As far as prospective tenants go, John says that the company probably has two square feet of prospects for every one square foot of space they have.
“We have letters of intent out on 40,000 square feet right now, and prospects for at least a couple hundred thousand square feet.”
With tenants already that include the Tribune, IK Gymnastics, Goldfish Swim School, Lil’ Kickers, All Style, and Warner Bros. (If you’re a huge Mortal Kombat fan like I am, you’d want to live in that place!), there’s space for almost anything you can think of. Although most of the tenants are geared towards grammar-school children and high-school teenagers, a fitness center will likely be put in the building for the adults.
“Understand that this is a mixed-used project,” John said. “So here you have your recreational users, some office users and in the front you have the multi- story office building. Those types of users would want an amenity like a fitness center.”
The Hansen brothers said diversifying the tenant mix was planned.
“If you go onto LoopNet or CoStar, and search the market we are in if you’re looking for a single-story space with parking, the only thing you’re going to find are properties on Goose Island that are 100 percent leased,” John said. “Then you’ll find things all the way out in the O’ Hare market, and between here and there, there is nothing else.”
John added, “So we know our property will pop up in their database searches. Also, other corridors like Clybourn have three times the rent of what we have here. They’re in the thirties on net rent, we are ten net on our single-story space.”
The only thing the Hansen brothers say they are not at the Bradley Center is industrial.
“We take a property that was industrial and convert it into office, recreational, and other commercial uses,” John said. “We have R&D prospects, and even though we have RCN as a tenant next door, I would say half of their space is office at this point and time. They have 130 employees that work out of that location.”
It’s estimated that with all off the tenants that have been leased at the Bradley Center, there are about 600 jobs now within that area. That’s something the Hansen brothers are happy about. Especially Rick who said he was glad to be contributing to a growing community.
Turning nothing into something takes a lot of time, planning, and energy. Yet what makes the Hansen brothers feel the best? It’s knowing that they have leased up their buildings. They have five or six other properties that are one hundred percent leased. The Bradley Business Center is their only active project.
Most of the properties that they have owned and developed over the years are along the Kennedy between Downtown and O’Hare. They’re located at Sheffield and Diversey, Wilson and Kennedy, Knox and Kennedy, and at Wood and Webster, where they have recreational users.

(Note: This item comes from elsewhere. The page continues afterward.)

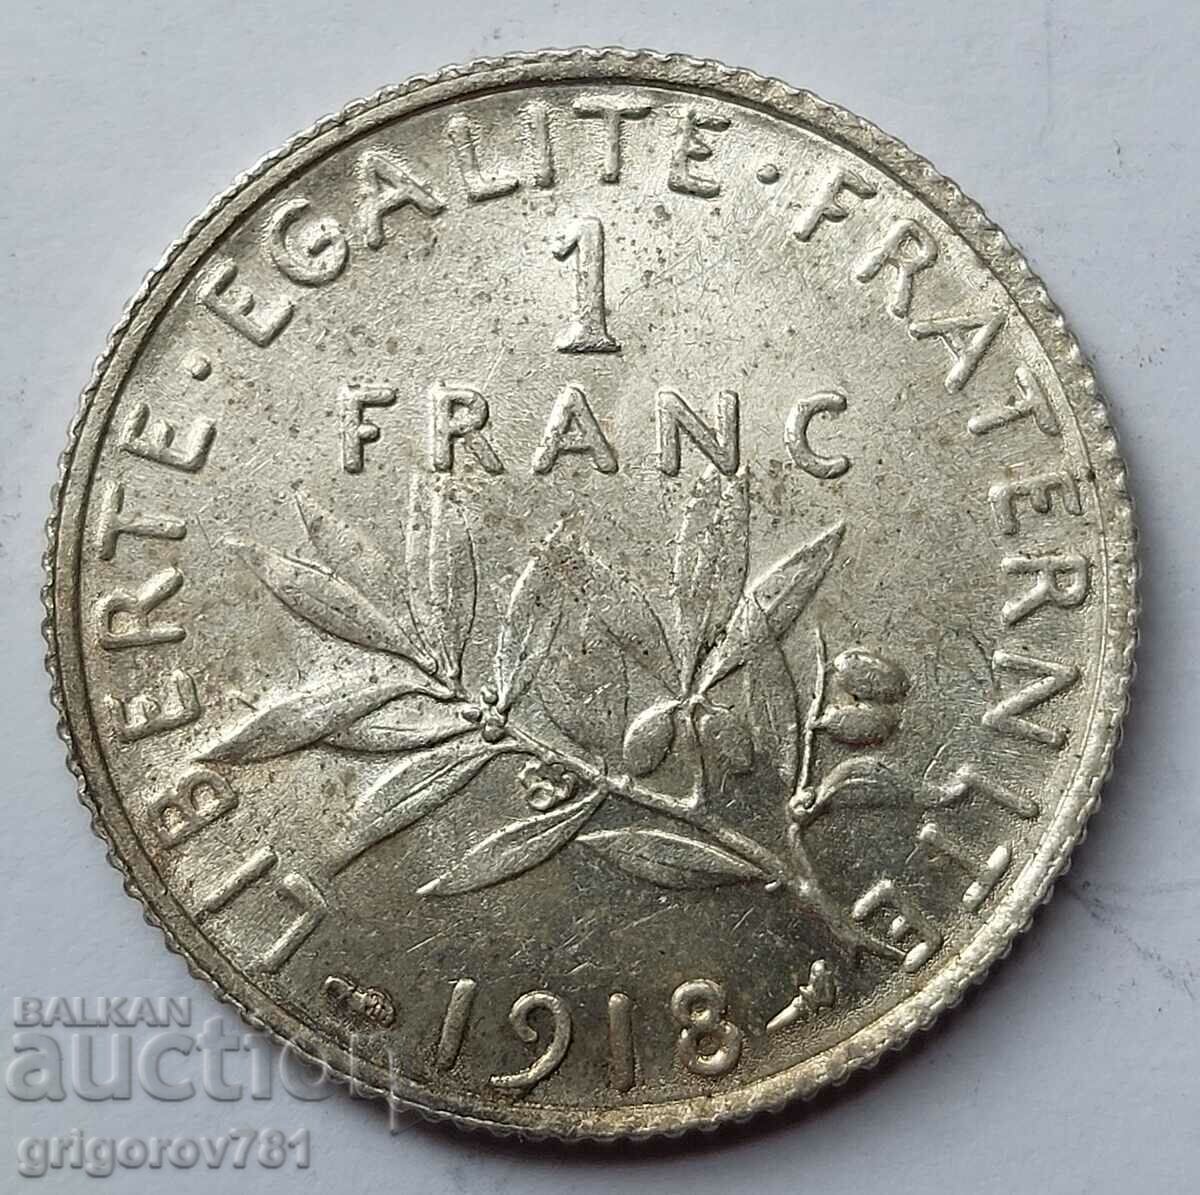 Ασημένιο 1 φράγκου Γαλλία 1918 - ασημένιο νόμισμα №19

Working in a field for over 25 years is nothing short of amazing. It appears as though with everything Hansen Realty has seen, they have gone and conquered. The Hansen brothers are excited to let the world know what they have going on at the Bradley Business Center. With the conference approaching they look forward to seeing people, and discussing the re-use possibilities for the property, while showcasing a vision that is sure to ignite inspiration for anyone who cannot see the possibilities.